[Source records]
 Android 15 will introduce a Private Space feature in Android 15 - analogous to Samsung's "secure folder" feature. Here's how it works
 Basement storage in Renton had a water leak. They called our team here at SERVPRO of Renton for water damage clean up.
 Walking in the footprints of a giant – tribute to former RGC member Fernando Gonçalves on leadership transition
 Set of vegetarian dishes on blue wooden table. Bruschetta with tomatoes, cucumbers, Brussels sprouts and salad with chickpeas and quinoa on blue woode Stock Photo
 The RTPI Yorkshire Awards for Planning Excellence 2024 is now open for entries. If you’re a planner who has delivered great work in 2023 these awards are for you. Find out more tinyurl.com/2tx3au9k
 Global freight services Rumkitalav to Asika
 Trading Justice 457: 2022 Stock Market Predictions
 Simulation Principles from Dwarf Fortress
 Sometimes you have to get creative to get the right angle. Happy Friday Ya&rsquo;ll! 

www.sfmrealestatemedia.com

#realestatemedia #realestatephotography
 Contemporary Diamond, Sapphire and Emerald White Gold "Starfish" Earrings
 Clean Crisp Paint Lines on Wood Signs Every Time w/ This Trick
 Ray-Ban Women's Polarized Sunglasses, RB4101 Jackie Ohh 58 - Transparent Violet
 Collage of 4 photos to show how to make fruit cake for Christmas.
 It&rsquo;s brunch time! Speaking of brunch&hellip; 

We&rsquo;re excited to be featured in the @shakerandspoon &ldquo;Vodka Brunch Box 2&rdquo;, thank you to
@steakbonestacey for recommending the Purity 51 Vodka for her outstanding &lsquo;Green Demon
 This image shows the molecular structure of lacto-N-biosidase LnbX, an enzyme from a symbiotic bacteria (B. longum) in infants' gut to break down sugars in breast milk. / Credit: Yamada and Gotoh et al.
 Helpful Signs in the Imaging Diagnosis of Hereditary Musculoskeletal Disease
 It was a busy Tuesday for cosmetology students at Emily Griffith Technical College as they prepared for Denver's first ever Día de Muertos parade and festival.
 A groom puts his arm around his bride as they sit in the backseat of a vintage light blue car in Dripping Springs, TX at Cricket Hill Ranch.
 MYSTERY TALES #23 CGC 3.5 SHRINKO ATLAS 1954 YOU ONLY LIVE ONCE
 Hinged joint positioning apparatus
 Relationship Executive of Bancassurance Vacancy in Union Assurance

Work instructions -
All of the entries should be output exactly as they appear above.

Answer section -
 Android 15 will introduce a Private Space feature in Android 15 - analogous to Samsung's "secure folder" feature. Here's how it works
 Basement storage in Renton had a water leak. They called our team here at SERVPRO of Renton for water damage clean up.
 Walking in the footprints of a giant – tribute to former RGC member Fernando Gonçalves on leadership transition
 Set of vegetarian dishes on blue wooden table. Bruschetta with tomatoes, cucumbers, Brussels sprouts and salad with chickpeas and quinoa on blue woode Stock Photo
 The RTPI Yorkshire Awards for Planning Excellence 2024 is now open for entries. If you’re a planner who has delivered great work in 2023 these awards are for you. Find out more tinyurl.com/2tx3au9k
 Global freight services Rumkitalav to Asika
 Trading Justice 457: 2022 Stock Market Predictions
 Simulation Principles from Dwarf Fortress
 Sometimes you have to get creative to get the right angle. Happy Friday Ya&rsquo;ll! 

www.sfmrealestatemedia.com

#realestatemedia #realestatephotography
 Contemporary Diamond, Sapphire and Emerald White Gold "Starfish" Earrings
 Clean Crisp Paint Lines on Wood Signs Every Time w/ This Trick
 Ray-Ban Women's Polarized Sunglasses, RB4101 Jackie Ohh 58 - Transparent Violet
 Collage of 4 photos to show how to make fruit cake for Christmas.
 It&rsquo;s brunch time! Speaking of brunch&hellip; 

We&rsquo;re excited to be featured in the @shakerandspoon &ldquo;Vodka Brunch Box 2&rdquo;, thank you to
@steakbonestacey for recommending the Purity 51 Vodka for her outstanding &lsquo;Green Demon
 This image shows the molecular structure of lacto-N-biosidase LnbX, an enzyme from a symbiotic bacteria (B. longum) in infants' gut to break down sugars in breast milk. / Credit: Yamada and Gotoh et al.
 Helpful Signs in the Imaging Diagnosis of Hereditary Musculoskeletal Disease
 It was a busy Tuesday for cosmetology students at Emily Griffith Technical College as they prepared for Denver's first ever Día de Muertos parade and festival.
 A groom puts his arm around his bride as they sit in the backseat of a vintage light blue car in Dripping Springs, TX at Cricket Hill Ranch.
 MYSTERY TALES #23 CGC 3.5 SHRINKO ATLAS 1954 YOU ONLY LIVE ONCE
 Hinged joint positioning apparatus
 Relationship Executive of Bancassurance Vacancy in Union Assurance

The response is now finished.